We’ve all heard rumors that a man who keeps a MacBook on his lap for too long can become sterile, but is there any truth to physical burns caused by Steve Jobs’ products? The cases are few, but they do stand out: a defective USB port on an iPhone 4 that ended up totally melting the phone after it was plugged into the computer, another phone that set a desk on fire, and multiple instances of blotchy burns on the legs of men and women who keep their heated MacBooks resting on their body.
So far, though, iPads seem to be the safest bet in terms of not electrocuting/burning yourself with your own technology, but maybe that’s because the product has been around for less time than other Mac items. Sparks and burns can be caused by anything from overheating a processor to faulty wiring on the ports. The reason that these claims seem to be more prevalent with Mac products than other phones or home technology is that, well, iPhones, iPads and MacBooks dominate the market, and are much more in the public eye than their competition.
To be on the safe side, Apple does issue a warning on its computers regarding potential burns:
When you’re using your MacBook Pro or charging the battery, it’s normal for the bottom of the case to get warm. For prolonged use, place your MacBook Pro on a flat, stable surface. Do not place your MacBook Pro on your lap or other body surface for extended periods of time.
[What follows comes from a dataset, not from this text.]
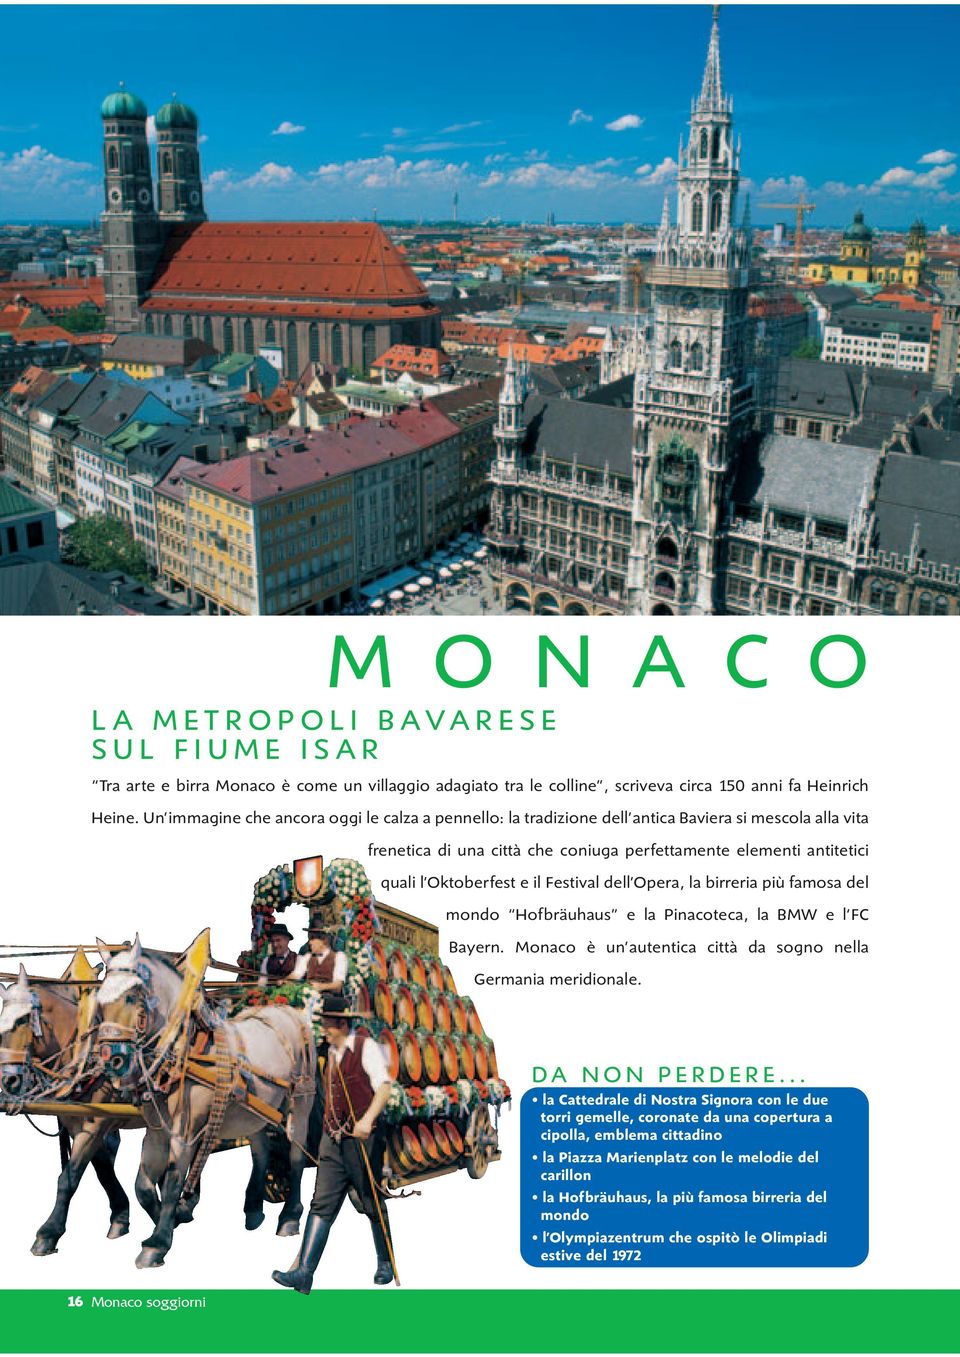 Festival dell Opera, la birreria più famosa del mondo Hofbräuhaus e la Pinacoteca, la BMW e l FC Bayern. Monaco è un autentica città da sogno nella Germania meridionale.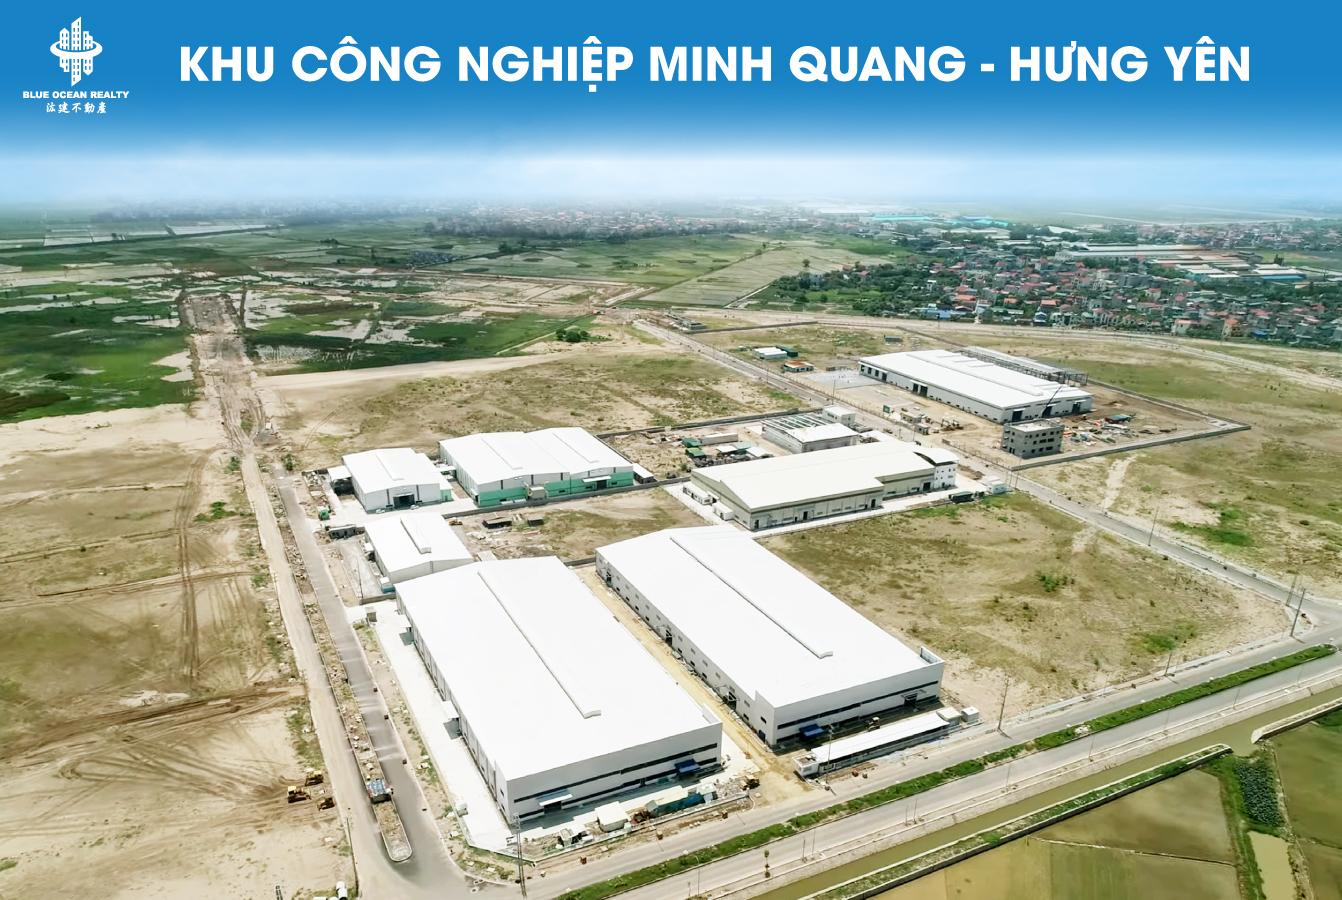 Khu công nghiệp (KCN) Minh Quang- Hưng Yên

Prolonged body contact can cause discomfort and potentially a burn.
Also be advised: Your MacBook does also have the ability to kill you:
This computer system is not intended for use in the operation of nuclear facilities, aircraft navigation or communications systems, or air traffic control machines, or for any other uses where the failure of the computer system could lead to death, personal injury, or severe environmental damage.
So if you tend to use your MacBook as a warm (very hard) pillow during a nap at a nuclear reactor plant, do so at your own risk.